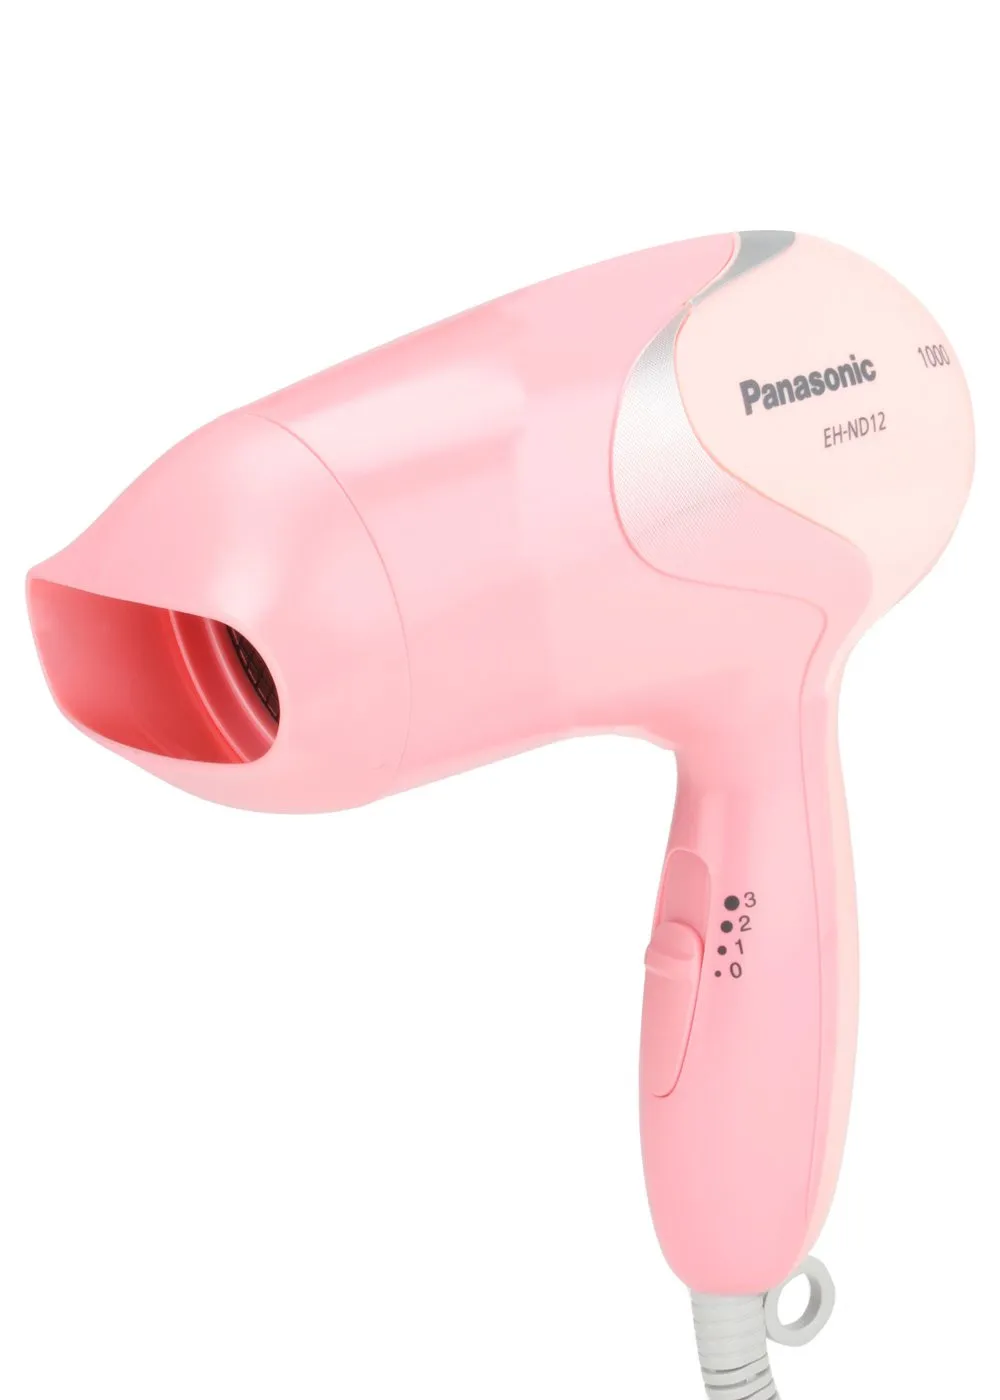 Фен Panasonic EH-ND12 охлаждением воздуха и режимом Turbo Dry(Розовый)#1
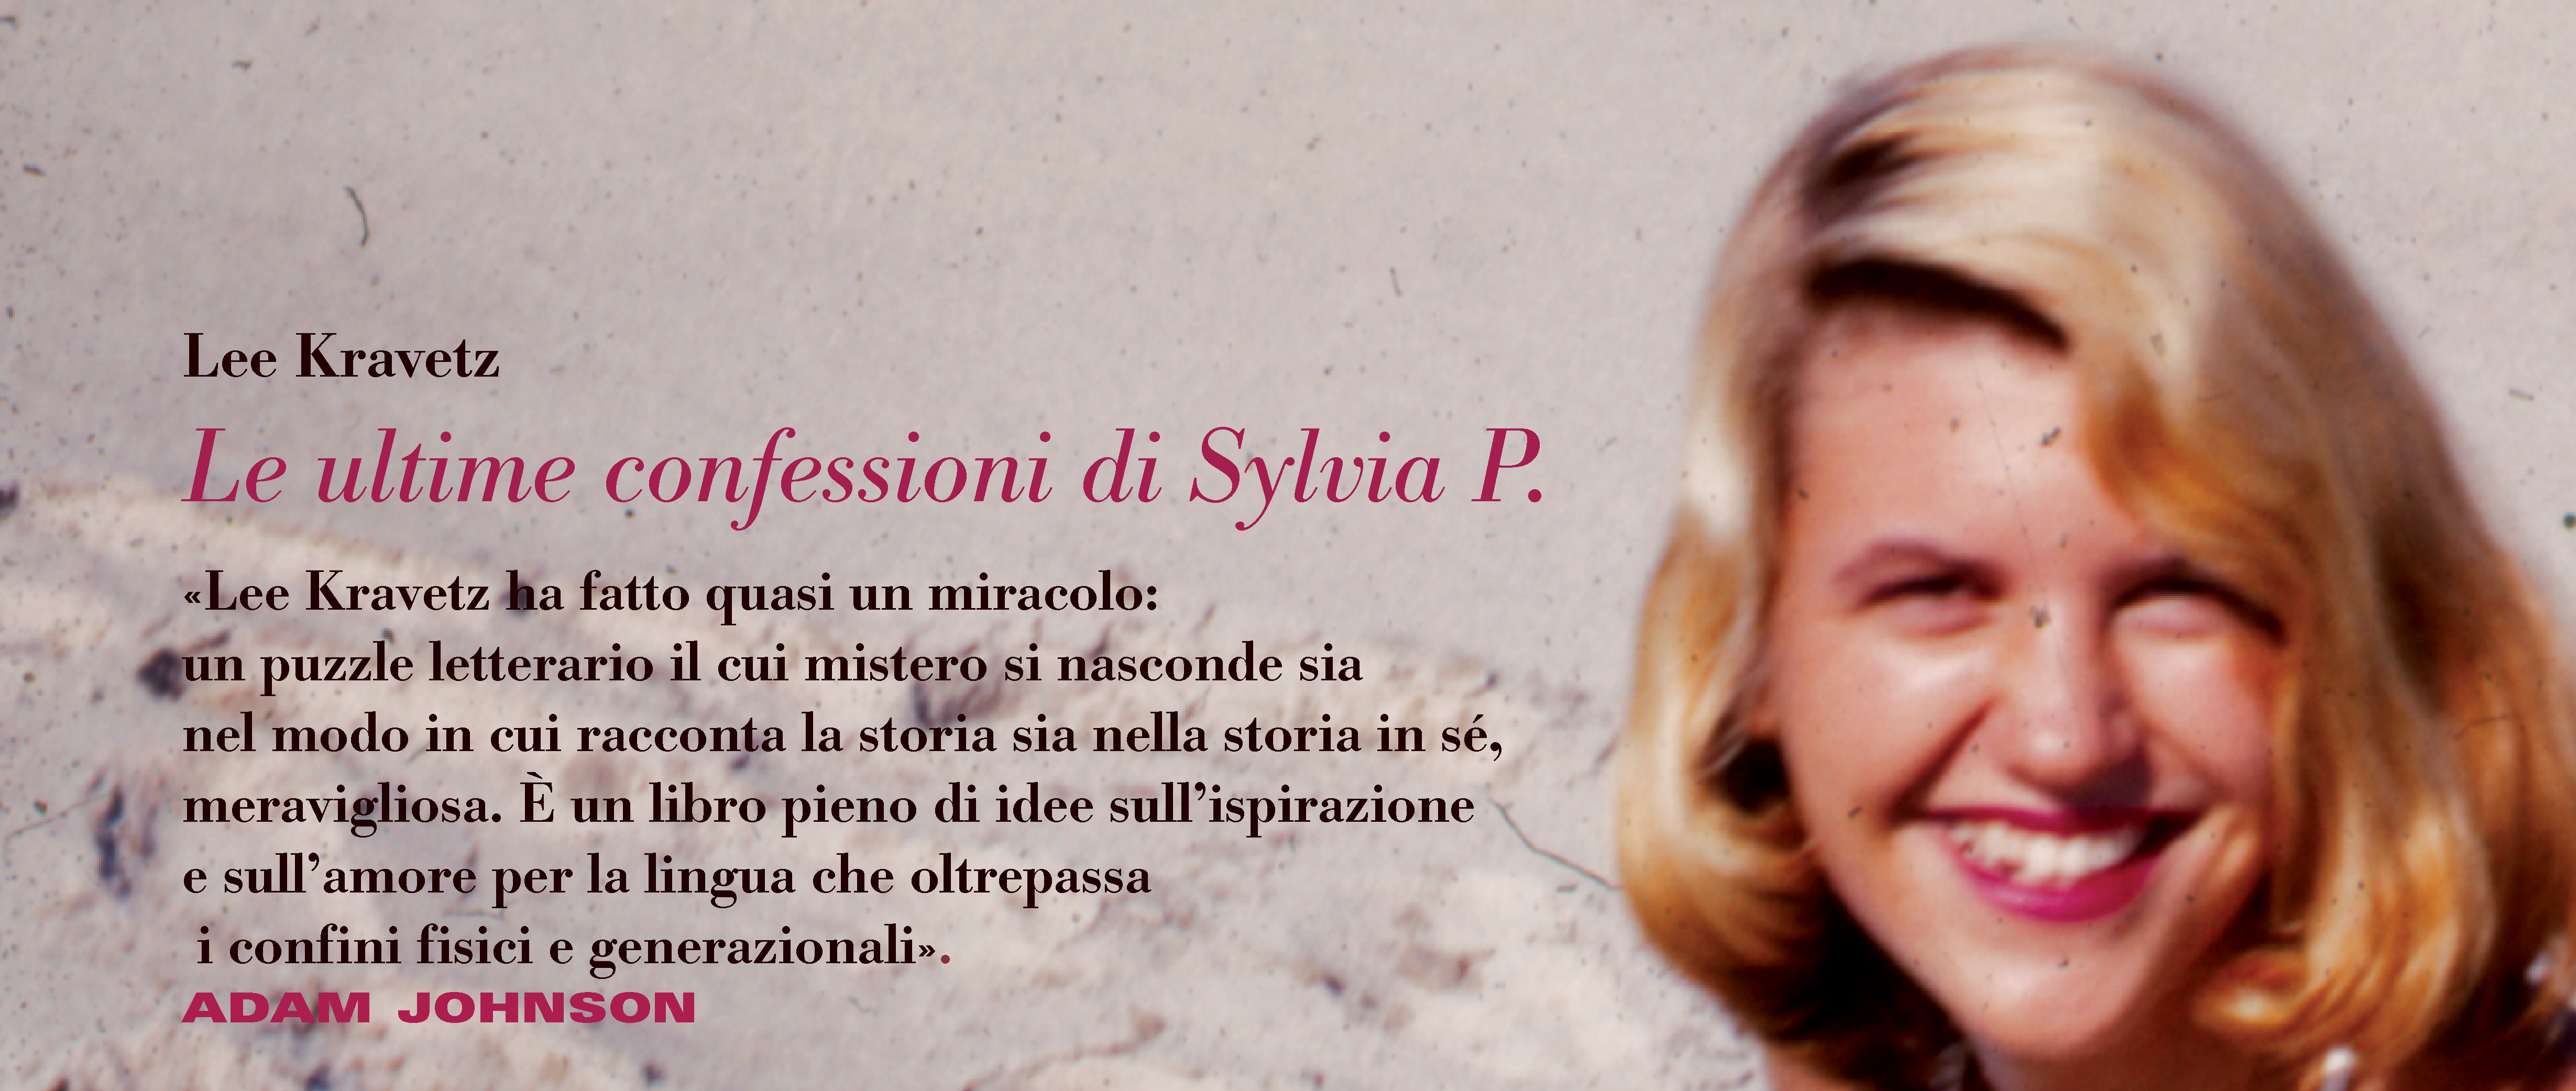 Le ultime confessioni di Sylvia P.
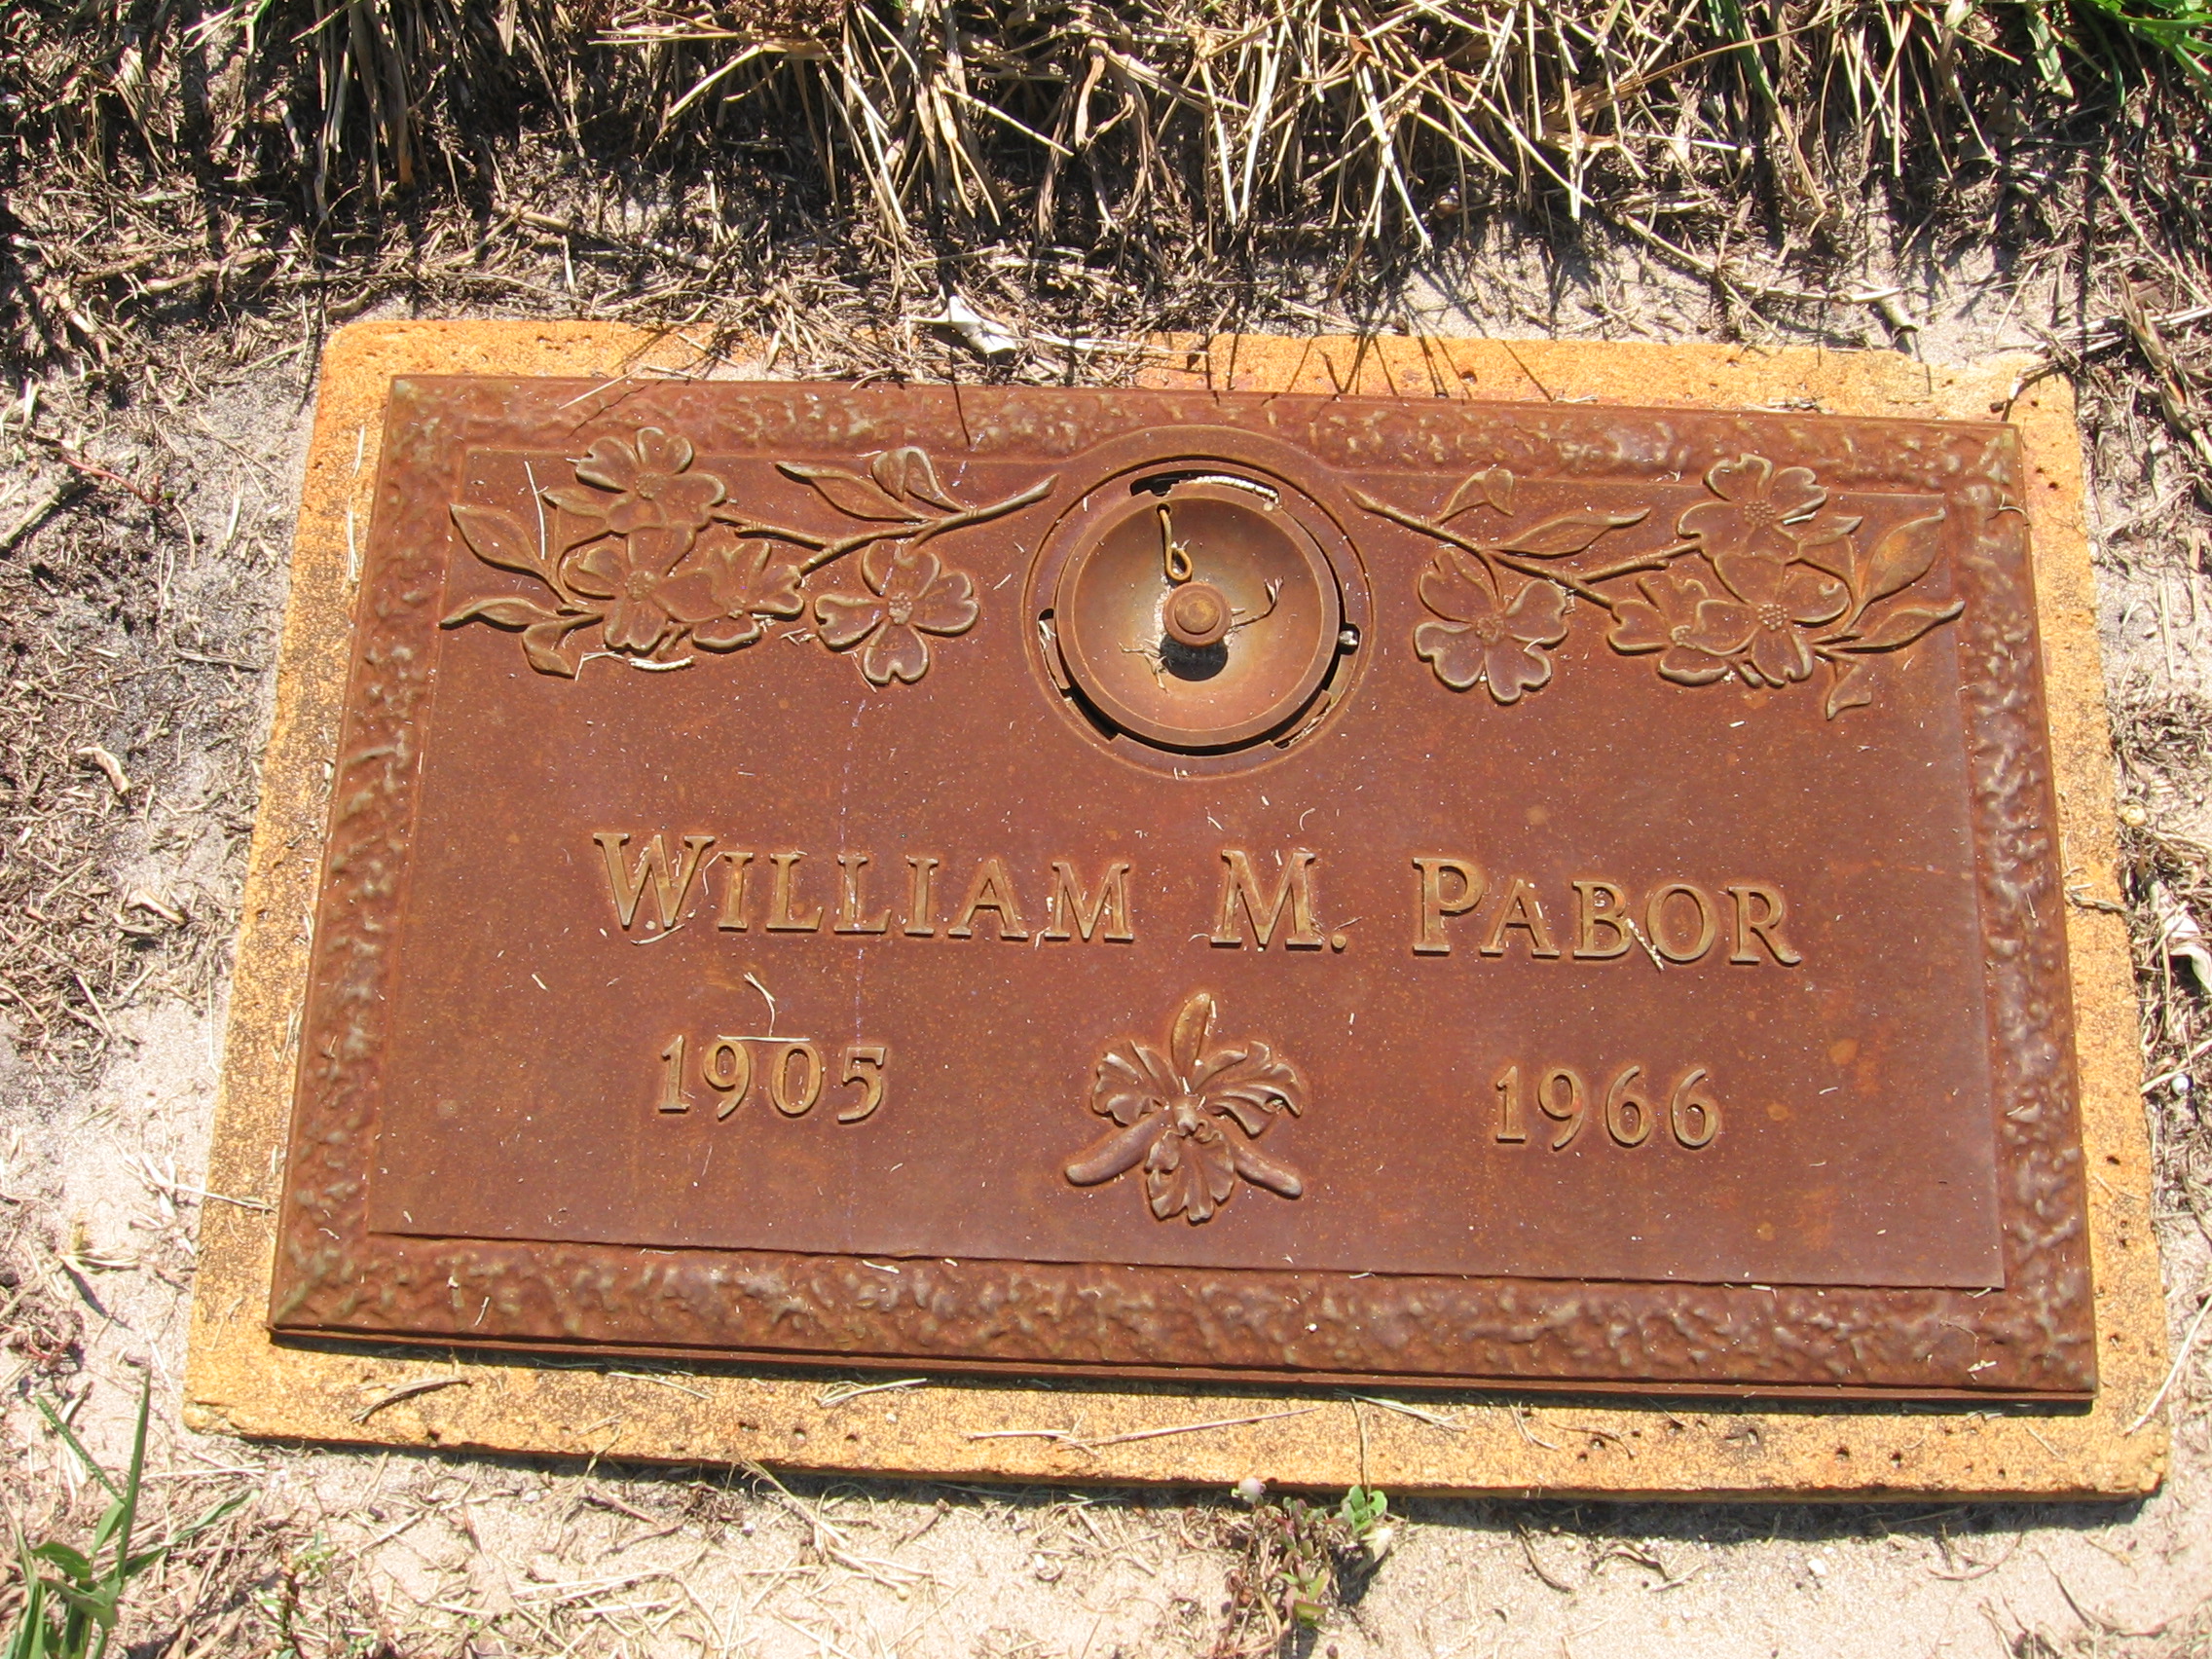 William W Pabor

## Instructions for the task:
Copy exactly, and copy nothing else: the lines from the one containing "Le ultime confessioni di Sylvia P." through the end of the data, both ends included, with pictures left out.

## Result for this task:
 Le ultime confessioni di Sylvia P.
 William W Pabor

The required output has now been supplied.